Whole grains (for example, wholemeal bread, brown rice and whole wheat pasta) may also help with constipation. Although increasing fiber may help to improve symptoms, it may also generate gas and cause pain and bloating. Monitoring is important to help identify this and to adjust your fiber intake according to your symptoms.

Drink Plenty of Water

Fiber needs water, so aim to drink at least 8-10 cups of water daily or other fluids such as herbal teas. People with diarrhea will need to make sure they are replacing these lost fluids. Drinking water will also help to improve constipation.

Reduce fatty foods

Some people find that fatty foods are difficult to digest and can cause symptoms of diarrhea; therefore, reducing fat in the diet may help:

  • Limit cakes, biscuits, chocolates and pastries.
  • Cut down on fatty meat products such as sausages, pies and pasties.
  • Use lower-fat dairy products – for example, low-fat yogurt, cottage cheese, semi-skimmed milk.
  • Choose tomato-based sauces rather than creamy sauces – although some tomato sauces can be oily so check the label.
  • Use small amounts of cheese (a matchbox size is a portion) – stronger-flavored cheeses may help you to use less.
  • Take care when using dressings and sauces such as mayonnaise and salad dressing.
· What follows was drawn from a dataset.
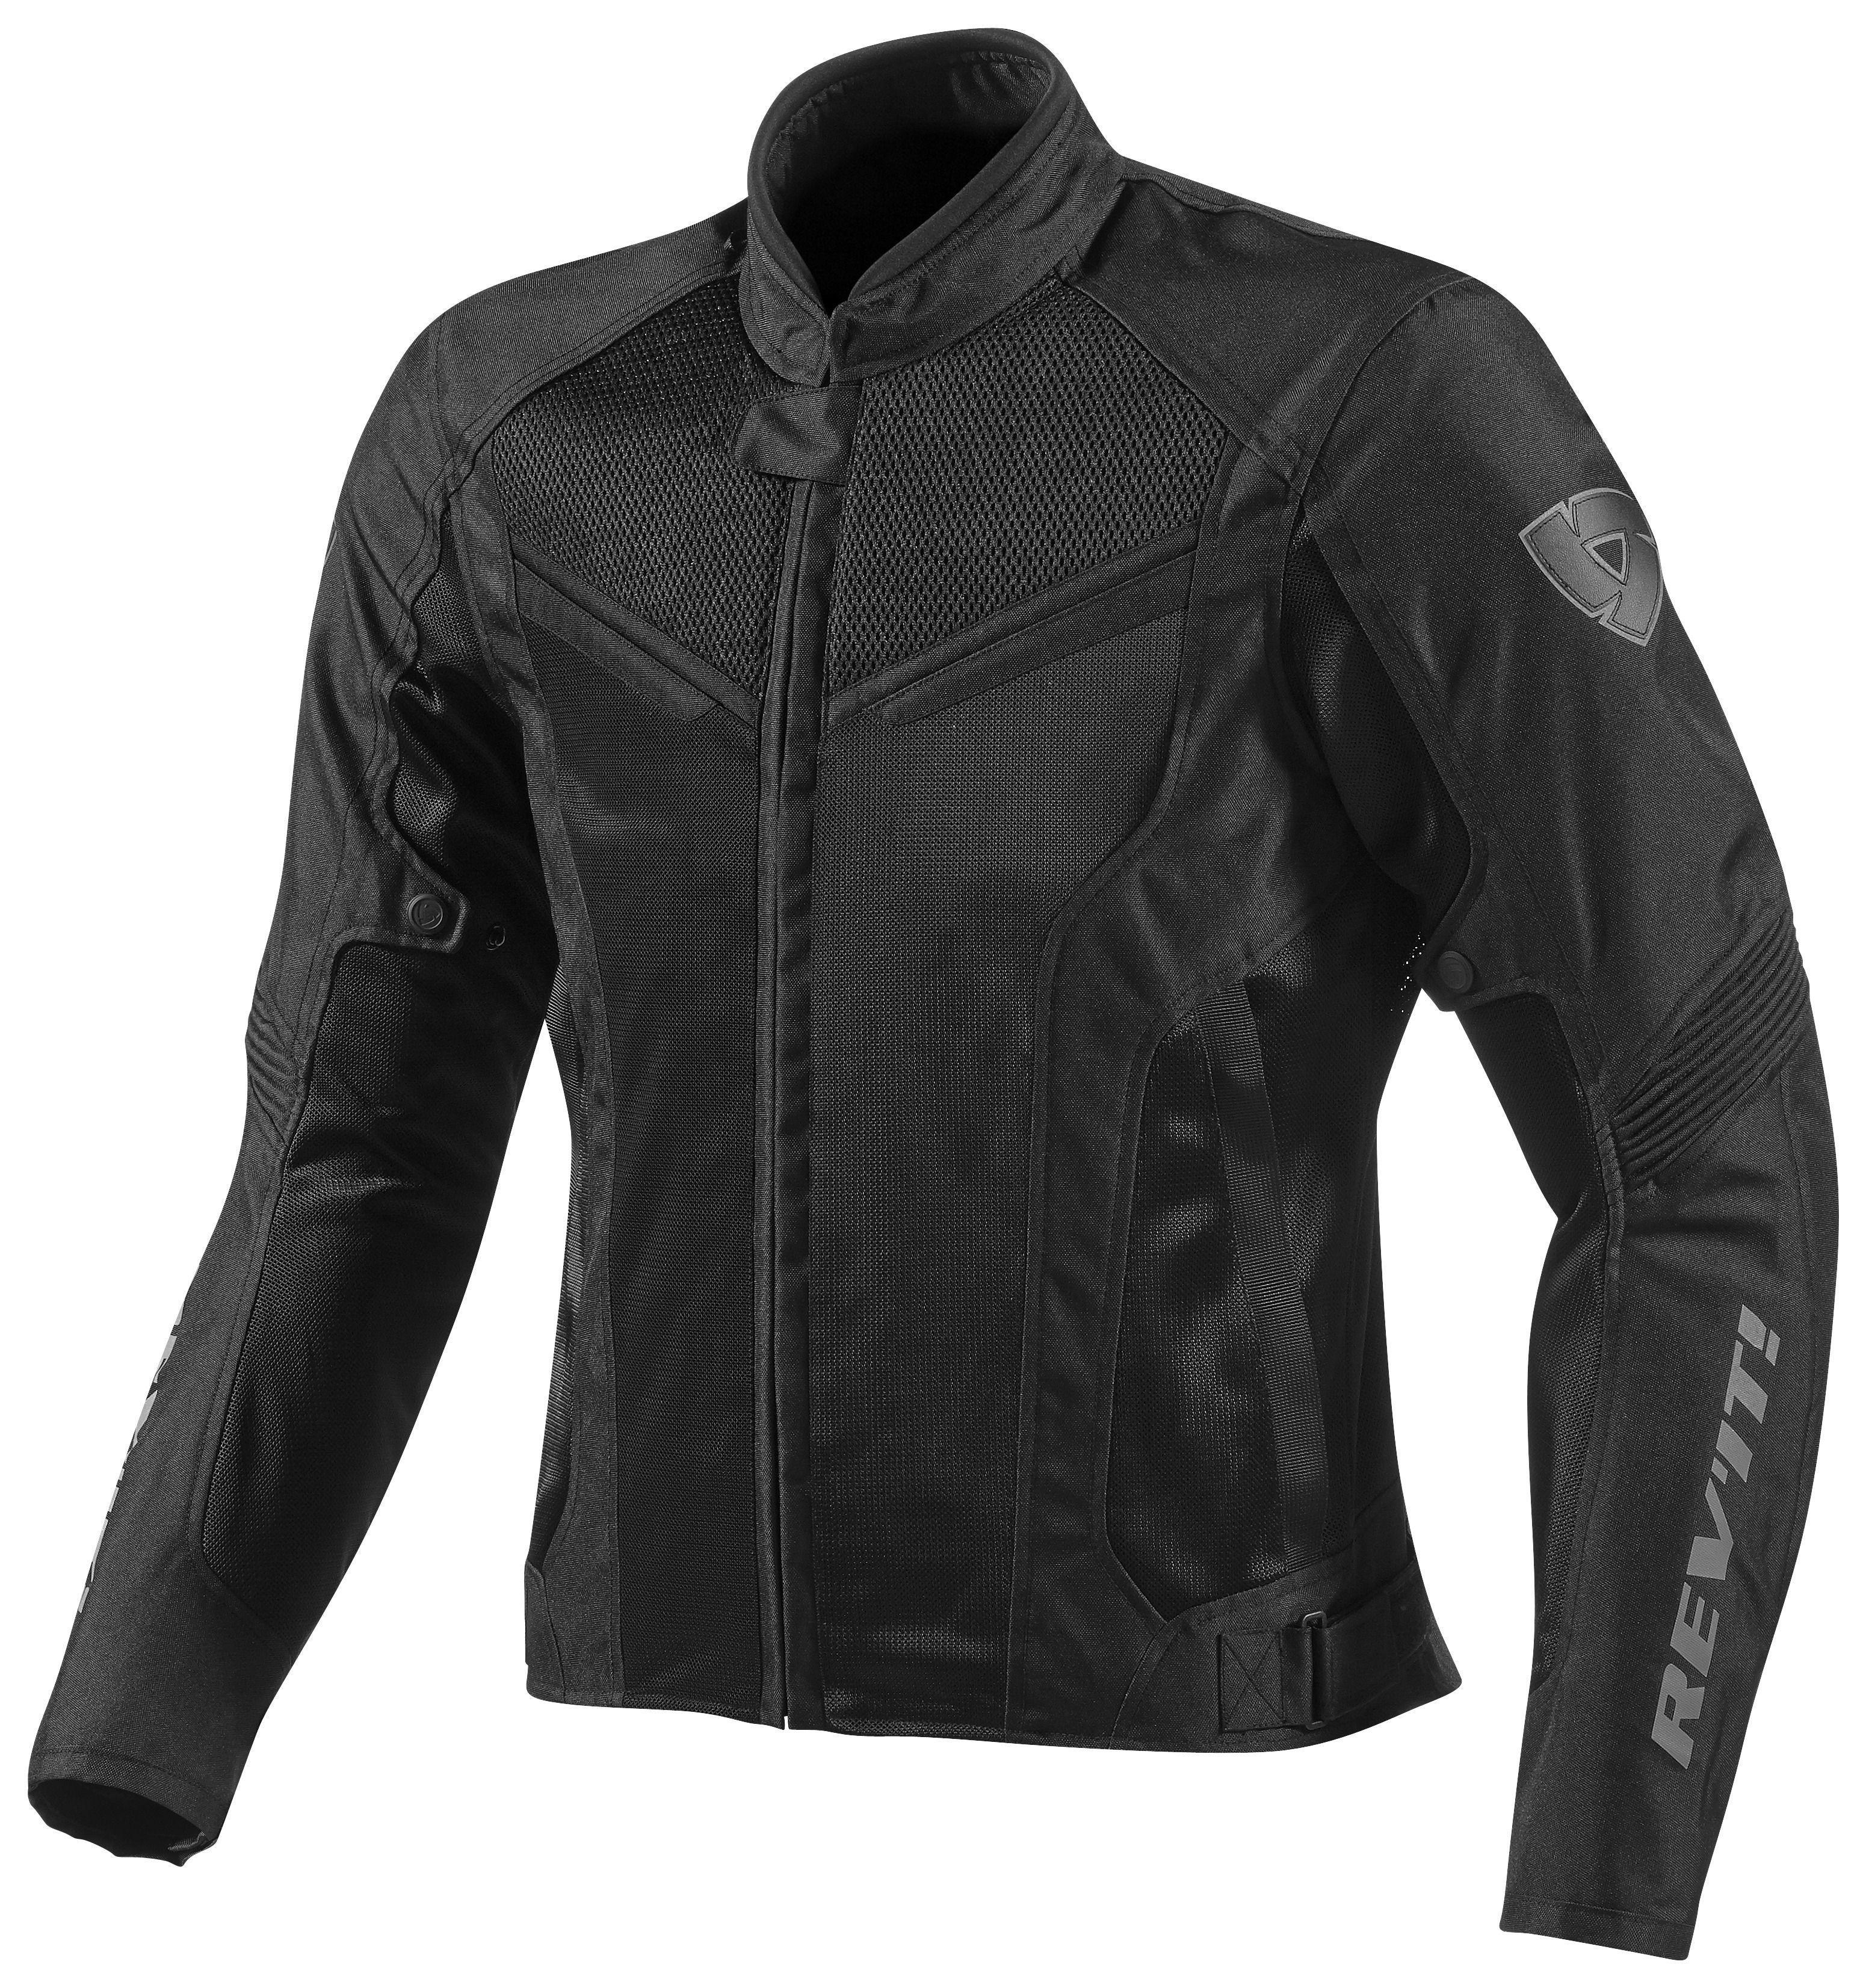 REV'IT! GTR Air 2 Jacket Jackets, Motorcycle jacket

Use small amounts and try the reduced-fat versions.
  • Cut off visible fat from meat and choose leaner cuts of meat.
  • Use minimal oil/butter when cooking (use an oil spray, or measure using one teaspoon of oil per person, per meal).
  • Try different cooking methods such as steaming, boiling, microwaving, grilling and poaching rather than frying.

Reduce fructose

Fructose can cause diarrhea in some people, particularly when eaten in large quantities. Sometimes fructose is not well absorbed; it can draw water from the body into the bowel, causing osmotic diarrhea. If fructose is not well absorbed, it is fermented in the colon and gases are produced, causing wind and bloating in some people with IBS.

Avoid sorbitol

Sorbitol is poorly absorbed and has a laxative effect when it enters the colon, so this can cause symptoms of bloating and diarrhea. People with IBS may be sensitive to smaller amounts of sorbitol.
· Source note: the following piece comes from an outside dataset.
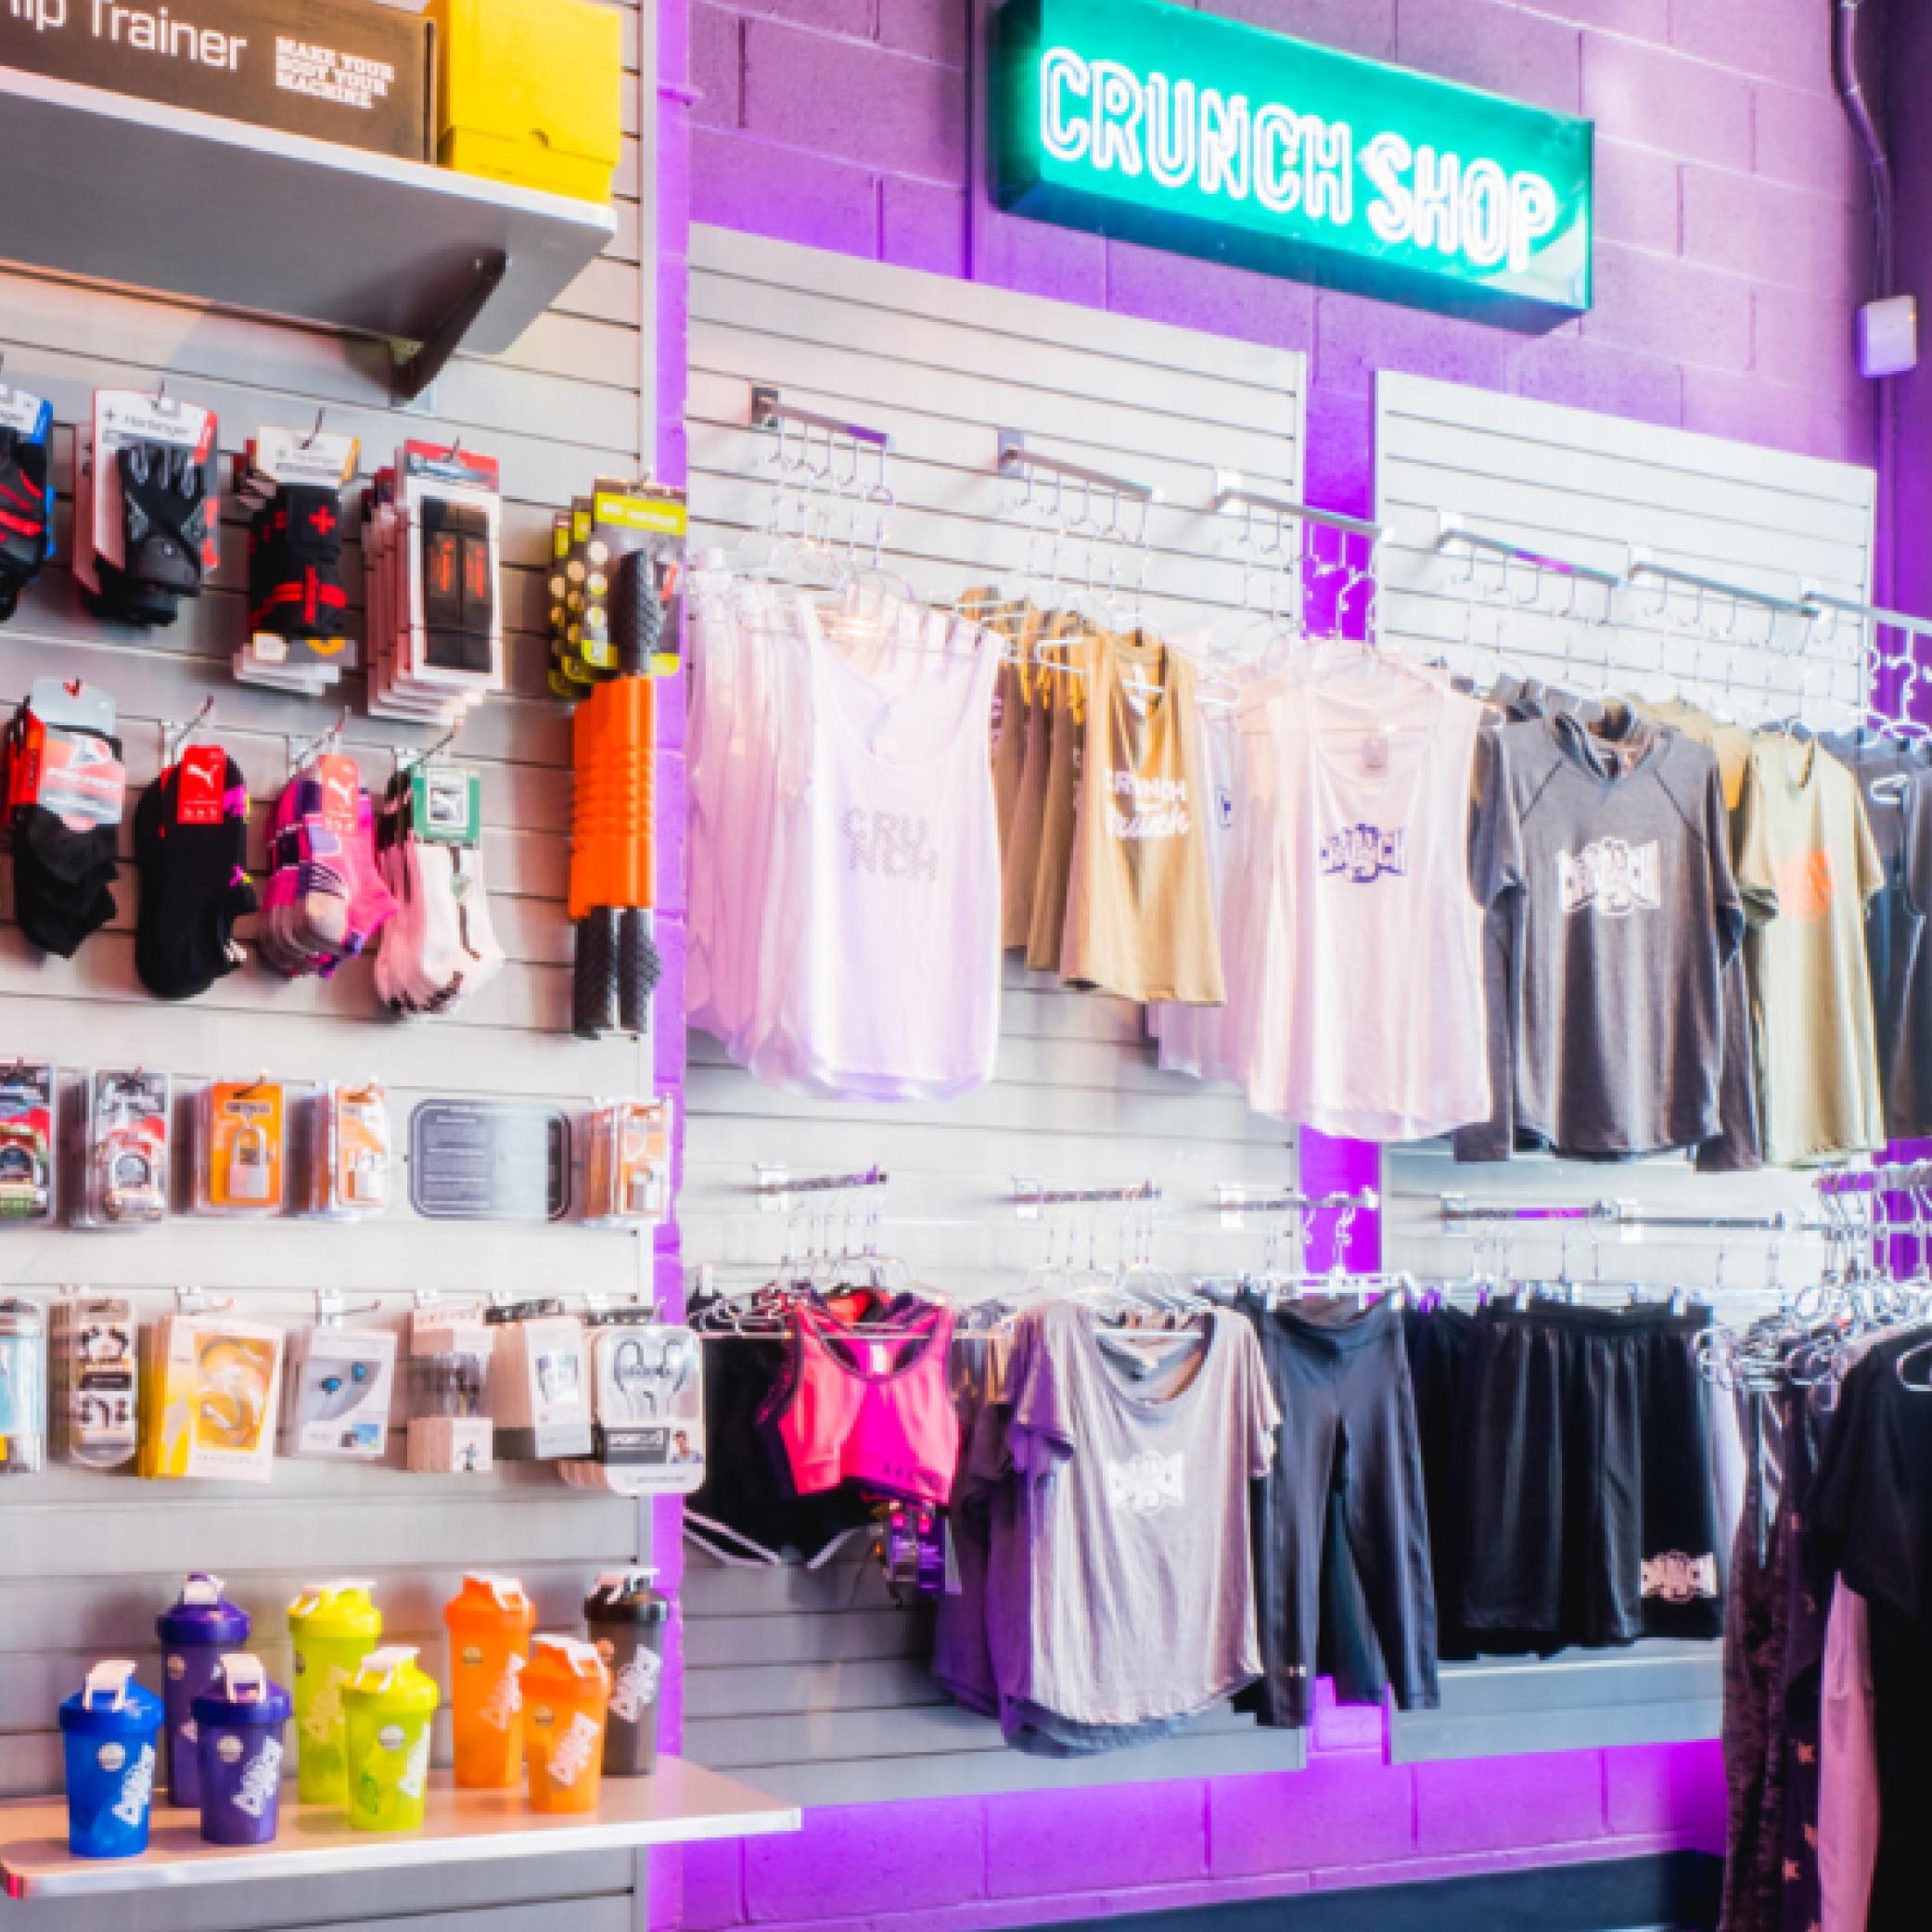 Crunch Shop

Sorbitol is found in artificial sweetener, low-sugar sweets, drinks, mints and gum and often found in diabetic or slimming products. Also check the labels of these products for mannitol and xylitol, which have a similar effect.

I have found that stevia and artificial sweeteners cause me great distress, bloating, gas and sometimes diarrhea.

Try probiotics

Probiotics may be useful in improving symptoms of IBS, although they do not work for everybody. Probiotics can help to balance our gut bacteria. The ‘good’ bacteria in probiotics compete with ‘bad’ bacteria for space in the gut. This means that there are fewer ‘bad’ bacteria, making it a healthier gut environment. This can help with digestion and to improve symptoms of wind, bloating and diarrhea.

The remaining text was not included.